Policy Guide

How to write policies that precisely and predictably govern agent behaviour.

Policies can be created, edited, deleted, and toggled (enabled/disabled) from the console at console.blacklake.systems/policies (cloud) or http://localhost:3200/policies (local), via the API (POST /v1/policies, PATCH /v1/policies/:id, DELETE /v1/policies/:id), or via the SDK (bl.policies.create(), bl.policies.update(), bl.policies.delete()). All three interfaces are equivalent — changes from any source take effect immediately.

Bind your tools first — or every call denies#

Before any policy is even evaluated, BlackLake checks one thing: is the tool bound to the agent? Bindings are explicit — you create them with bl.agents.bindTool(agentId, toolId) (or via the console). Without a binding, every govern() call for that pair returns deny with reason "Tool is not bound to agent" — not default-deny from a policy.

This is by design: accidentally granting a tool to the wrong agent should take a deliberate step, not happen implicitly. But it's also the most common cause of "I wrote an allow policy and it still denies" confusion. If you're testing and seeing unexpected denies:

Confirm the binding exists — Console → Agents → <agent> → Tools, or bl.agents.listTools(agentId).
The deny reason names the cause: Tool 'X' is not bound to agent 'Y'. That's the bindings issue, not your policy.
The govern simulator (/playground → Govern simulator) shows binding state on its result card before policy match — use it to debug fast.

The MCP proxy auto-creates bindings on first call (so MCP traffic just works). The SDK does not — bind explicitly.

How Selectors Work#

A policy has two selectors: agent_selector and tool_selector. Each is a flat key-value object matched against the corresponding resource record.

Matching rules:

Every key in the selector must match the exact value of that field on the agent or tool record.
An empty selector ({}) matches everything.
All fields must match — it is an AND condition, not OR.

Example agent selector:

{ "environment": "production", "risk_classification": "high" }

This matches any agent where environment is "production" and risk_classification is "high". An agent in production with a medium classification would not match.

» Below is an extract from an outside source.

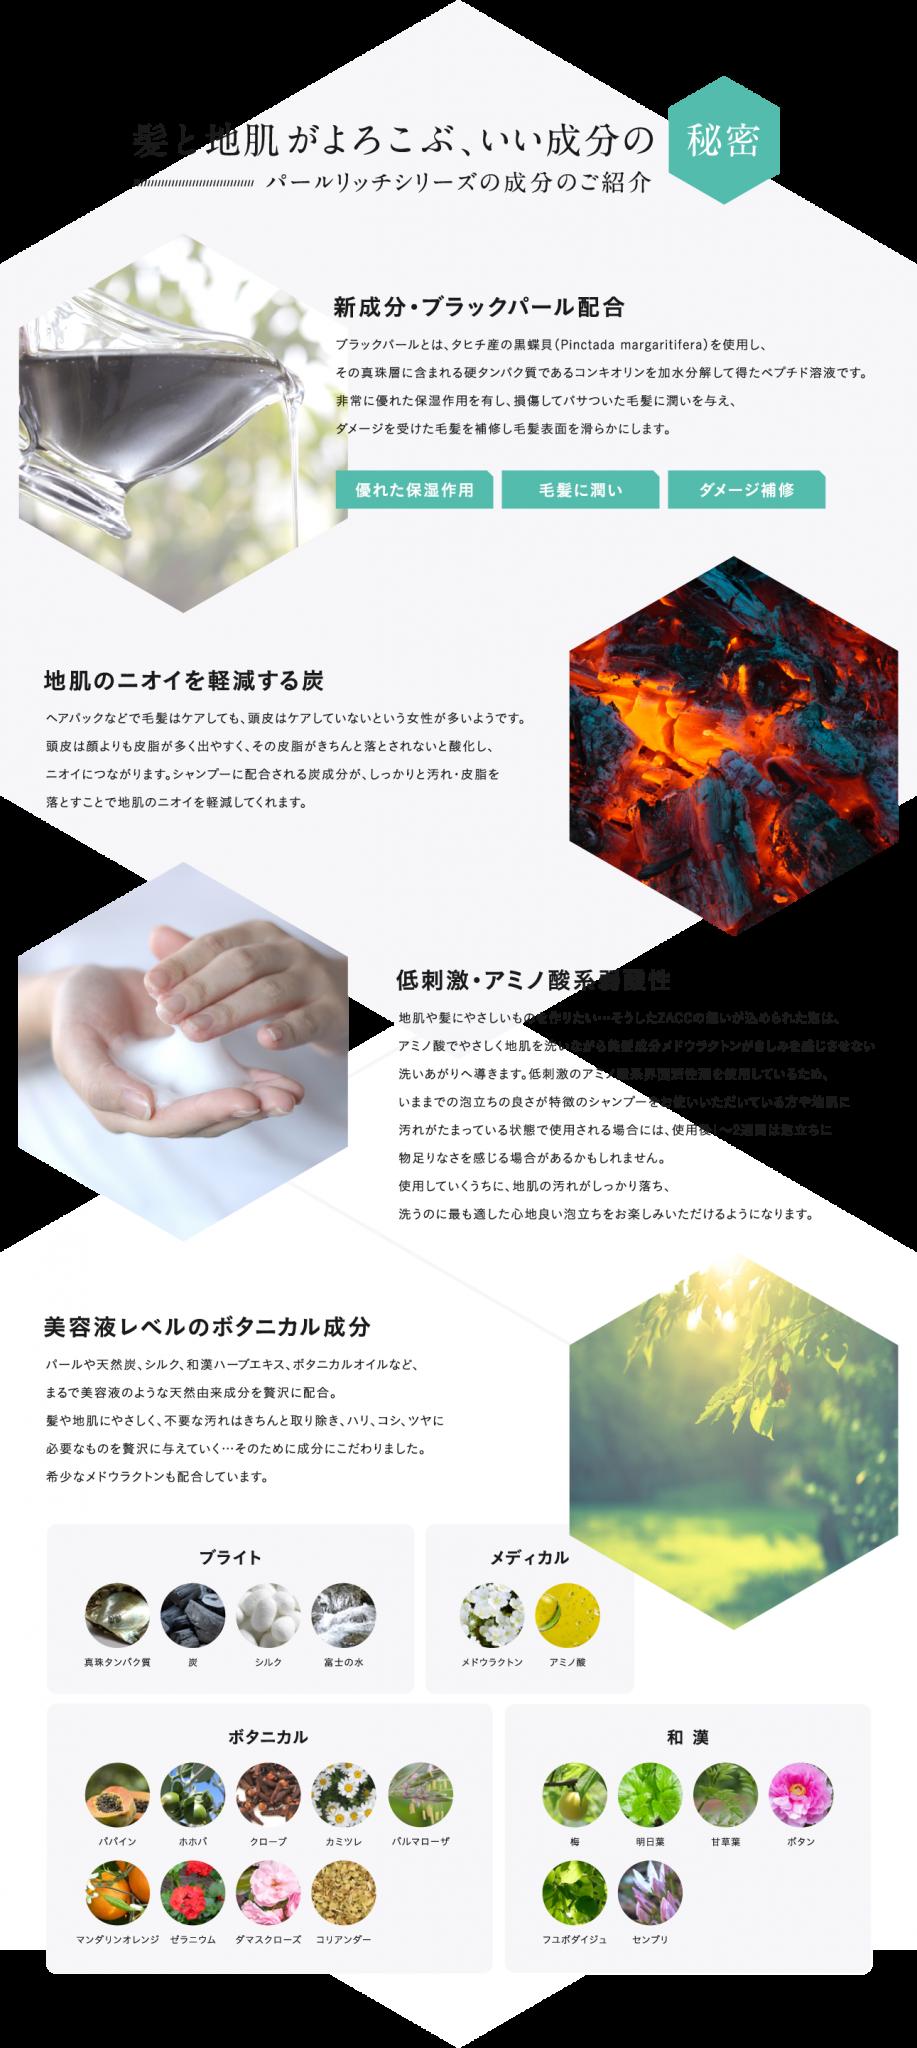 ZACCパールリッチシャンプーの効果・効能
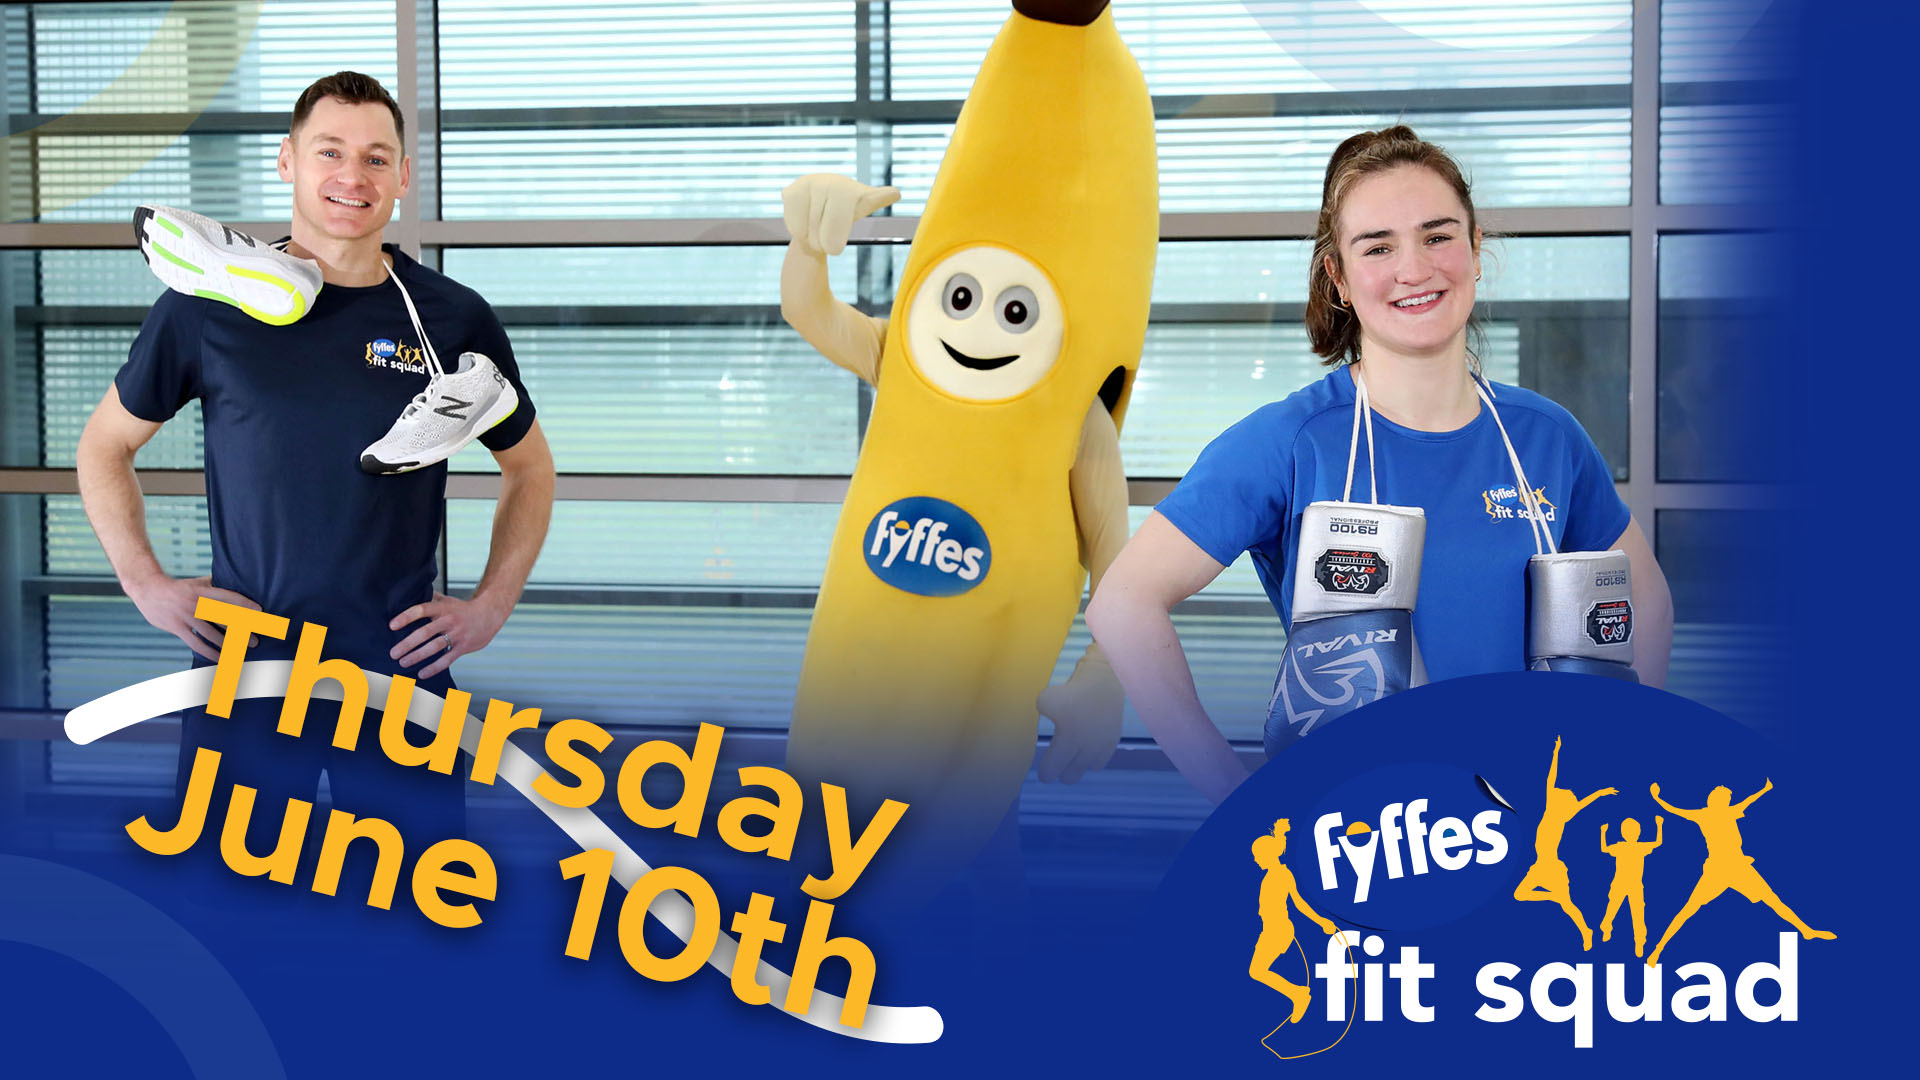 Fyffes Fit Squad Week 12 | Thursday, June 10th 2021

Fields available for matching:

Agents: name, environment, risk_classification, status, approval_mode

Tools: name, risk_classification

Priority Ordering#

Policies are evaluated in ascending priority order — lower number = evaluated first.

The engine walks through the sorted list and stops at the first policy where both selectors match. That policy's outcome is applied. No further policies are checked.

Specific policies should have lower priority numbers than broad catch-all policies.

Priority 1   →  evaluated first  (most specific rules)
Priority 10  →  evaluated second
Priority 100 →  evaluated last   (broadest catch-all)

The Three Outcomes#

Outcome	Meaning
`allow`	The tool invocation is permitted. Proceed.
`deny`	The tool invocation is blocked. Do not proceed.
`approval_required`	The invocation requires human review before proceeding. Surface creates a pending approval record and fires an `approval.created` webhook. Your application must wait for or receive the decision before executing the tool.

Default Deny#

If no policy matches, the outcome is default_deny. This is not a policy — it is the engine's fallback. It means you have not written a policy that covers this agent-tool combination.

There is no implicit allow. Every permitted invocation requires an explicit policy.

MCP Policies#

When you add a server to ~/.blacklake/mcp-config.json, you can set a policy field that creates an initial policy for that server at startup:

{
  "servers": {
    "filesystem": {
      "command": "npx",
      "args": ["-y", "@modelcontextprotocol/server-filesystem", "/Users/you/Documents"],
      "policy": "ask"
    }
  }
}

The policy field is a shorthand that creates a single catch-all policy for the server:

Value	Effect
`"allow"`	All tools from this server are allowed
`"deny"`	All tools from this server are denied
`"ask"`	All tools require human approval before executing

Policies created from mcp-config.json are ordinary policy rows in the database. You can create, edit, delete, and toggle them from the console at console.blacklake.systems/policies (cloud) or http://localhost:3200/policies (local) or via the API at any time. Changes take effect immediately — the policy cache is flushed on every write — and are not overwritten on restart.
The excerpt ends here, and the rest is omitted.